Supplied data ::
'''

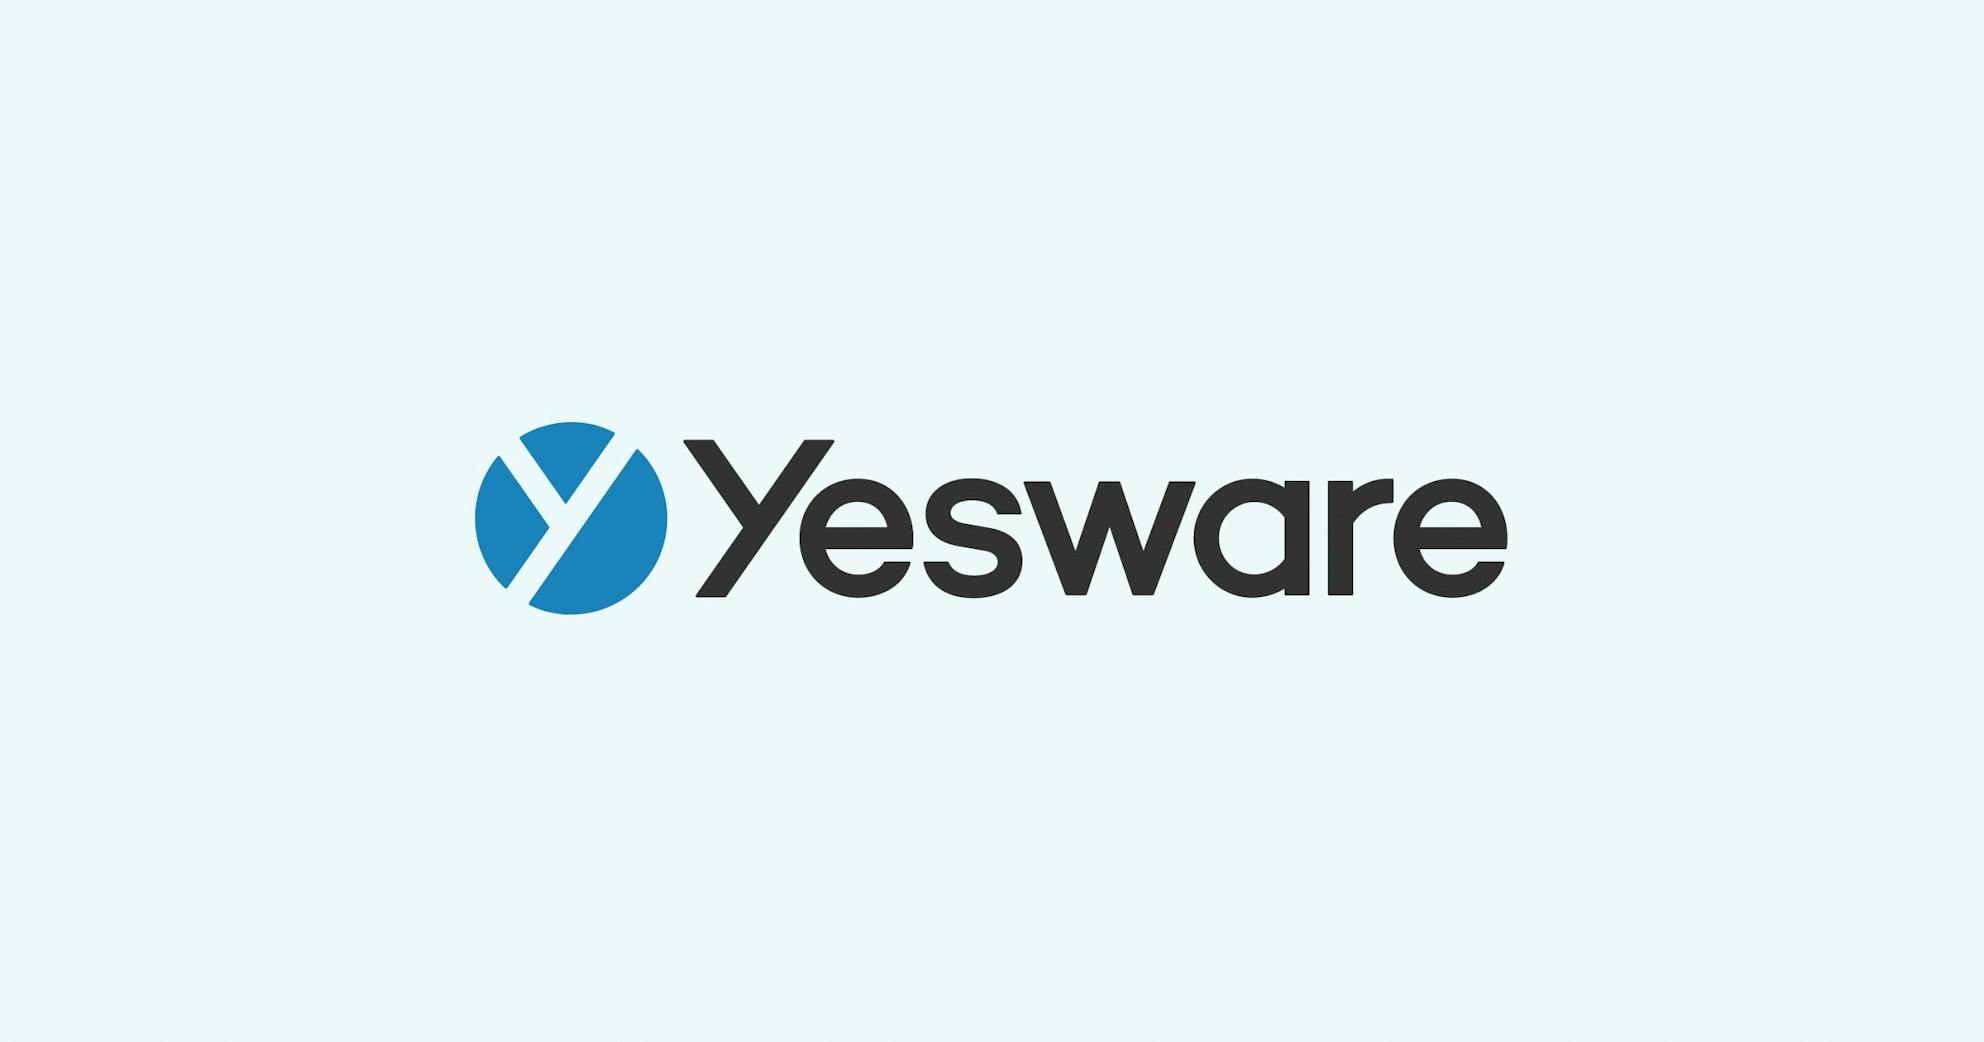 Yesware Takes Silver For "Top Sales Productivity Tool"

'''
'''

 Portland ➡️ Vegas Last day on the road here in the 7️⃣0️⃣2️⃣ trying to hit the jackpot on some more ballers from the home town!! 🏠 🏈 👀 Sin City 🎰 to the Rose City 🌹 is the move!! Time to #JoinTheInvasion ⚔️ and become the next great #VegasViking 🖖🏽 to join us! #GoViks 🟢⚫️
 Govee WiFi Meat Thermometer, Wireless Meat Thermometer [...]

'''

Activity ::
With the line holding "Portland ➡️ Vegas" as the first and the line holding "Govee WiFi Meat" as the last, set down that range of the entries above exactly, and nothing else.

Your solution ::
 Portland ➡️ Vegas Last day on the road here in the 7️⃣0️⃣2️⃣ trying to hit the jackpot on some more ballers from the home town!! 🏠 🏈 👀 Sin City 🎰 to the Rose City 🌹 is the move!! Time to #JoinTheInvasion ⚔️ and become the next great #VegasViking 🖖🏽 to join us! #GoViks 🟢⚫️
 Govee WiFi Meat Thermometer, Wireless Meat Thermometer [...]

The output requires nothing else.